A grin crept across my face as I looked on, the message was being constantly repeated by the rest of the community with cheering after each repetition. "Josh has spoken."
I didn't have anything to say. There wasn't anything I could say. It may not be the exact thing that people wanted, but it was information from their deity himself. I stashed my iron fish back in it's cabinet and picked up my broom instead. There would be a lot of sweeping up to do today.

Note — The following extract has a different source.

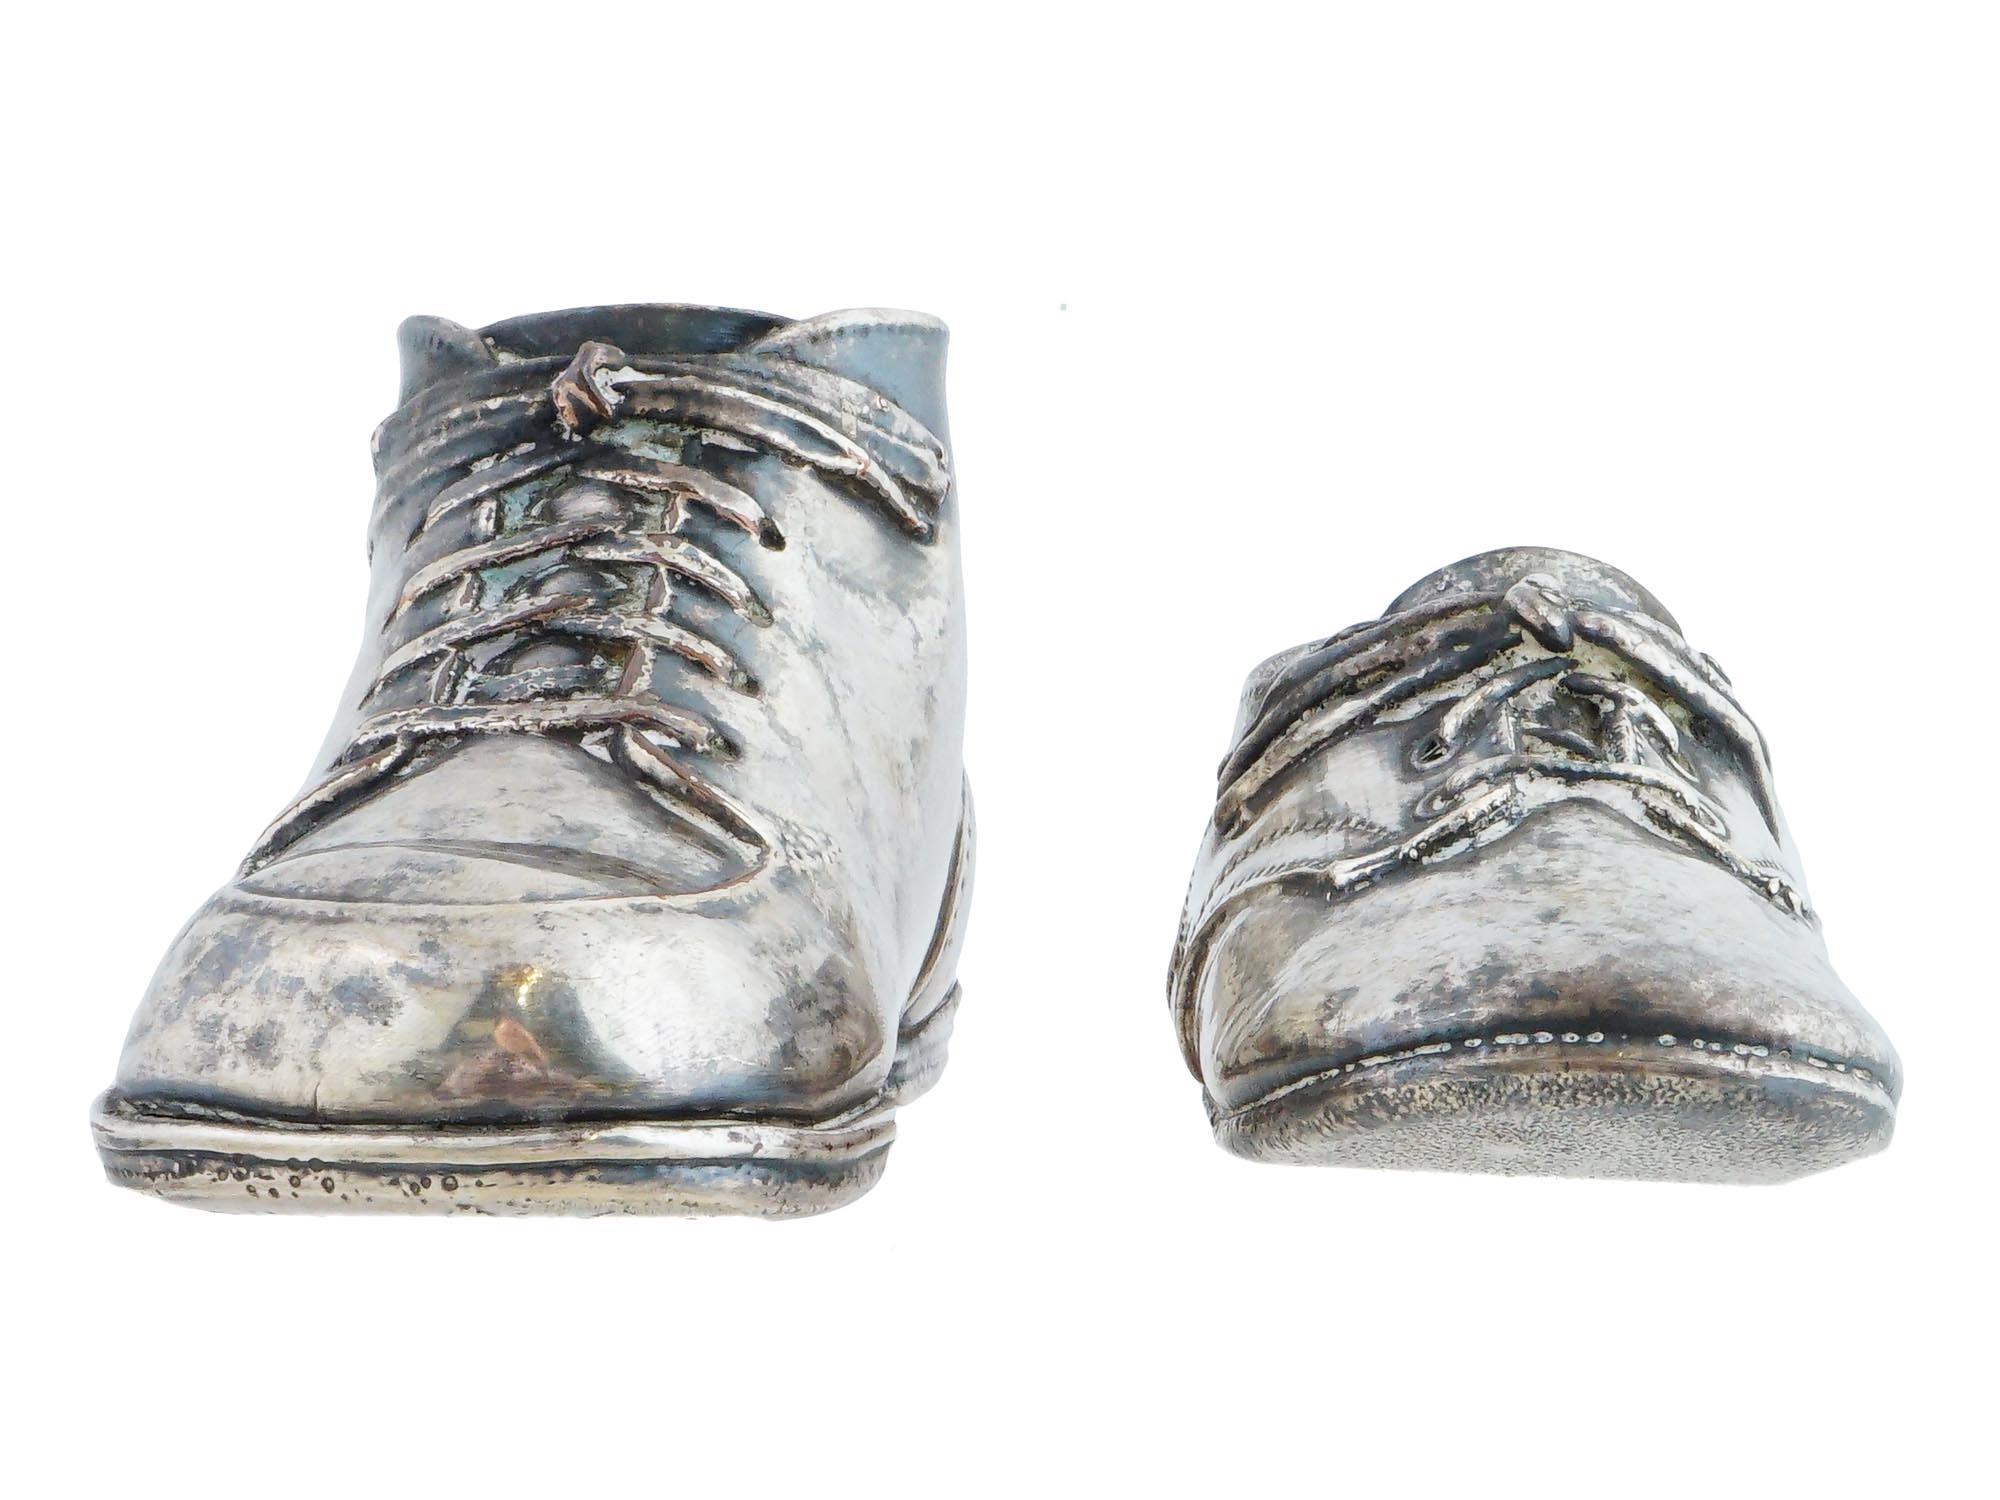 PAIR OF EUROPEAN SILVER PLATED BABY SHOES DESK DECOR PIC-2

Postby BFett » Mon Jun 01, 2015 8:18 am
I awoke in the middle of the night to a great roar. Lightning struck three times and from the darkness a light emerged. I couldn't believe my eyes, Josh, the one whose texts I had so diligently worked on had emerged from his coding cave to speak with his loyal followers. He told a great tale, one in which he had fought and concord a great beast. Morning came, and with it hundreds of citizens from near by villages. The fast had ended, never again would the villagers have to wait this length of time for information. The journey down the road to beta had just begun.